For the clients, it’s pretty straightforward. The client will try to
write to the server on the existing connection. (This is either a
“normal” write, or via a TCP keepalive probe, which is a related topic
that I won’t go over here. Just assume it’s there). Since the packet
gets routed to a new host (whichever one newly picked up the VIP), and
the existing TCP session is not recognized by the new host, the client
will receive a TCP RST. The client cleans up the connection and
reconnects to the VIP to establish a valid session on the new server.

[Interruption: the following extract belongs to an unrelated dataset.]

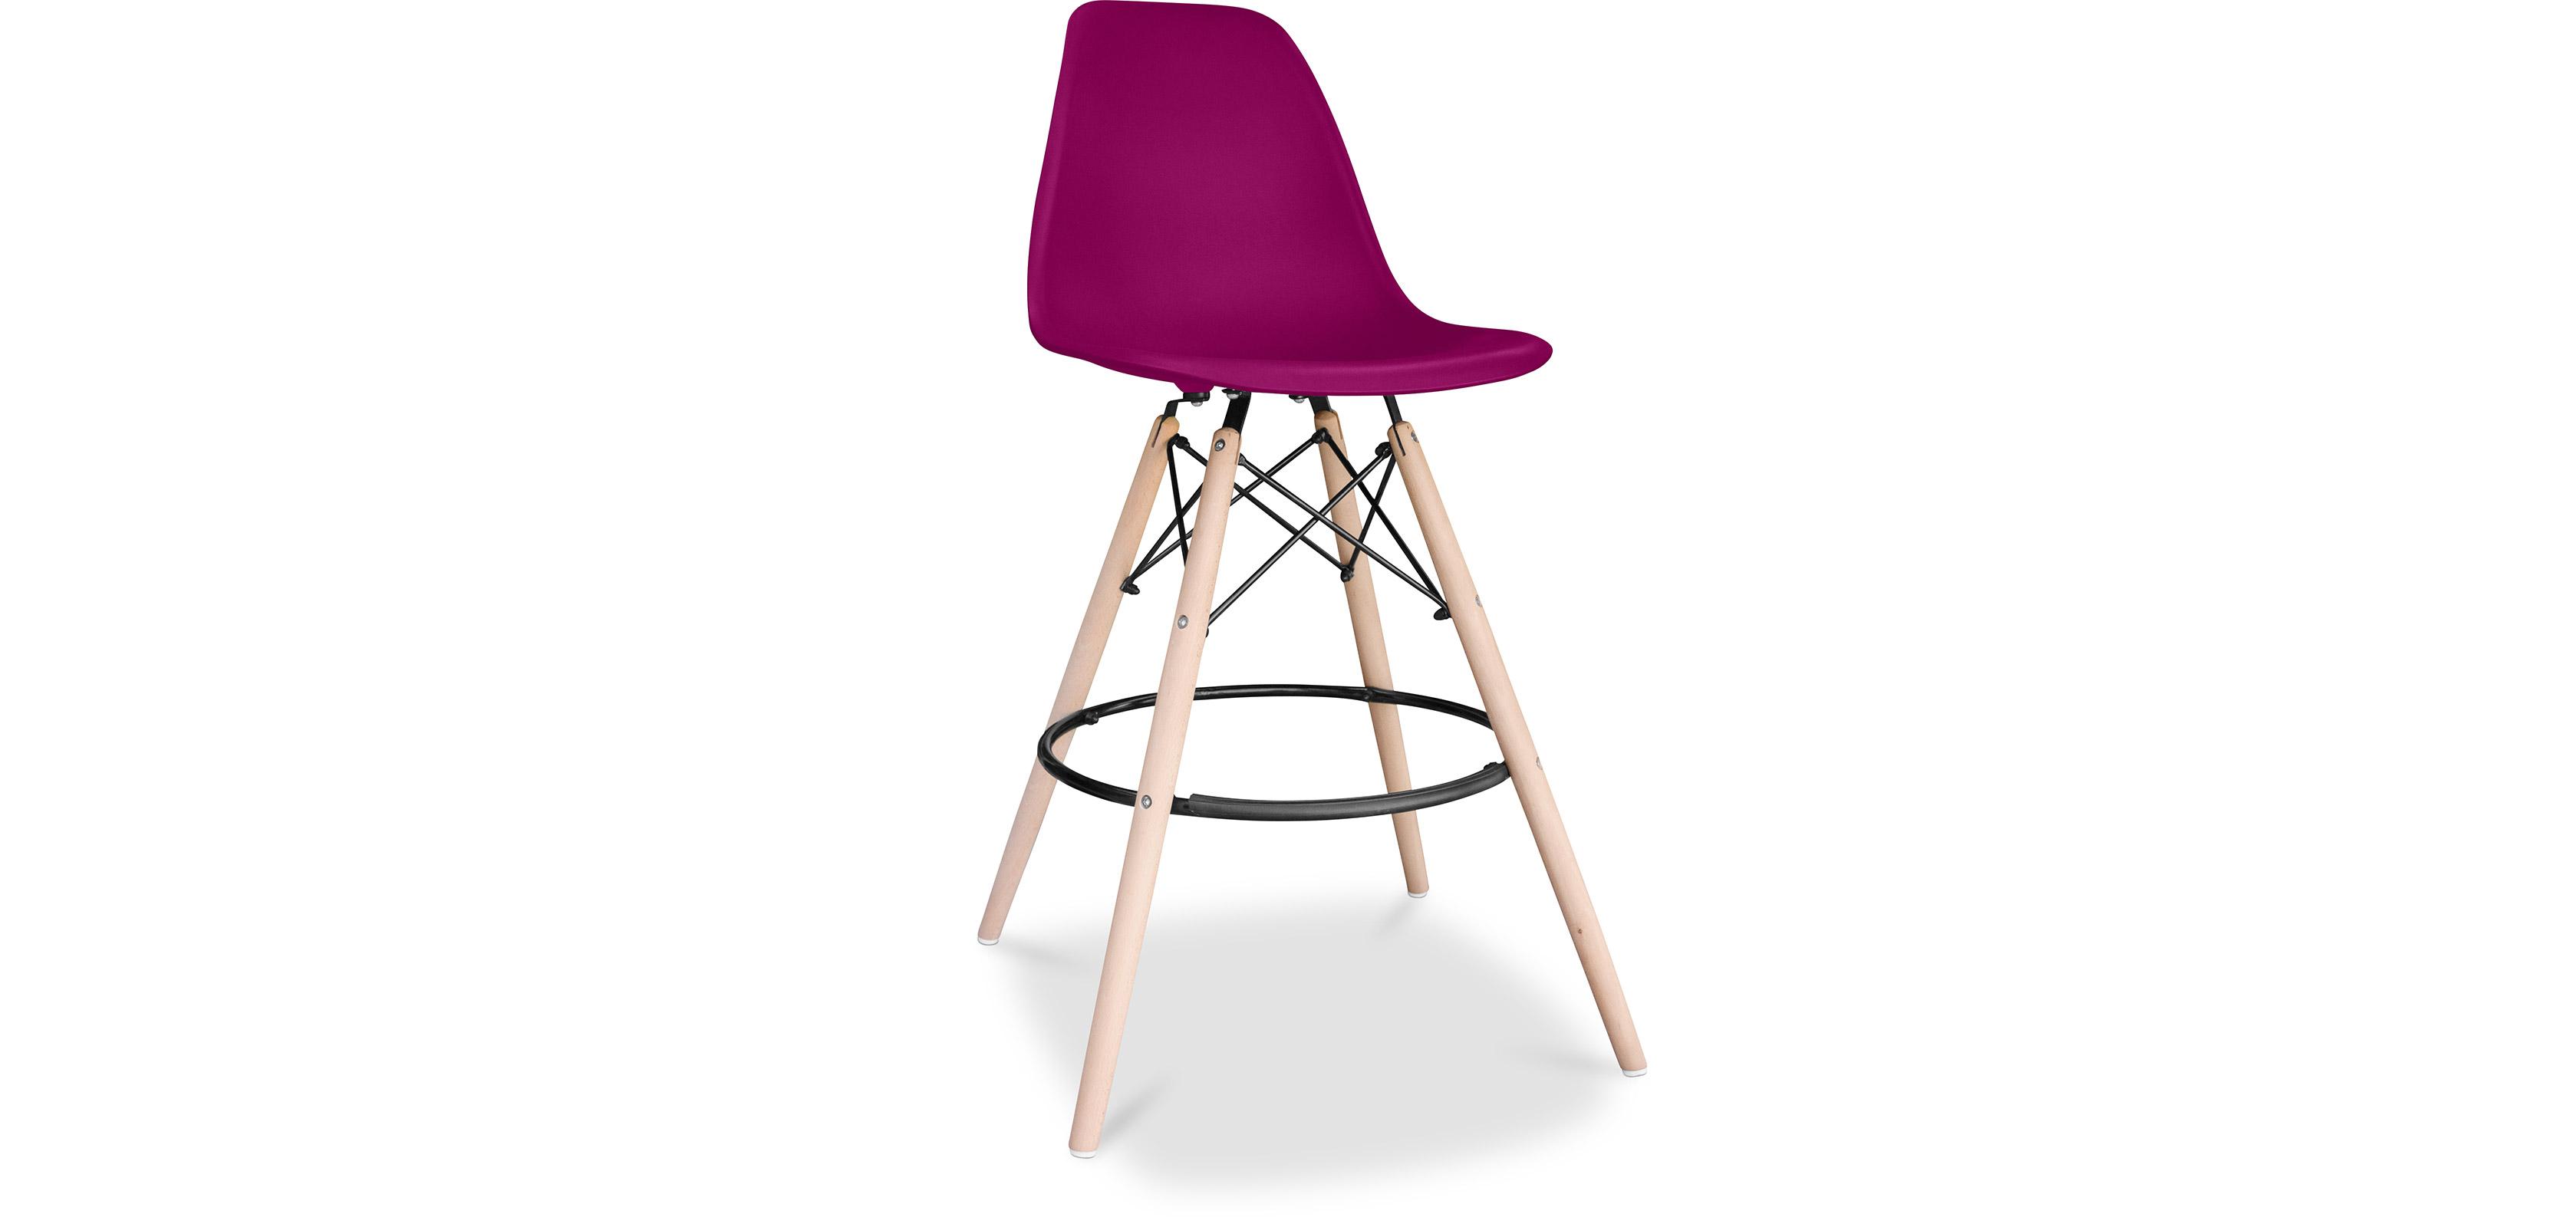 tabouret de bar dsw charles eames. Black Bedroom Furniture Sets. Home Design Ideas

However, the server behavior is more interesting. Consider:

There’s a connection, through the VIP, through HAProxy, to
RabbitMQ
The VIP fails over
RabbitMQ writes data to the connection. HAProxy receives the
data from RabbitMQ and writes the data back to the client.

What happens?

The source address for the connection from HAProxy back to the client
is the VIP address. However the VIP address is no longer present on
the host. This means that the network (IP) layer deems the packet
unroutable, and informs the transport (TCP) layer. TCP, however, is a
reliable transport. It knows how to handle transient errors and will
retry. And so it does.

TCP Retries

TCP generally holds on to hope for a long time. A ballpark estimate
is somewhere on the order of tens of minutes (30 minutes is commonly
referenced). During this time it will keep probing and trying to
deliver the data.

See RFC1122, section 4.2.3.5 for
details on the specification and the linux documentation
for the related tunables in the kernel.

It’s important to note that HAProxy has no idea that any of this is
happening. As far as its process is concerned, it called write() with
the data and the kernel returned success.

Work Queues / RPC

Let’s take a step back now and consider what impact this has to the
users of messaging. RPC calls over AMQP are a common use case. What
happens (simplified) is:

The RPC client sends the request message into a work queue.
RabbitMQ delivers the message to one of the workers consuming
messages from the work queue. How this gets scheduled is
configuration-dependent.
The worker does the work to service the request and sends the
reply back to the client.

If the VIP has failed over, #2 can trigger the problematic behavior
described above. RabbitMQ tries to write the RPC request to one of
the workers that was connected through the VIP on the old host. This
request gets stuck in TCP retries. The end result is that the client
never gets its answer for the request and throws an error somewhere.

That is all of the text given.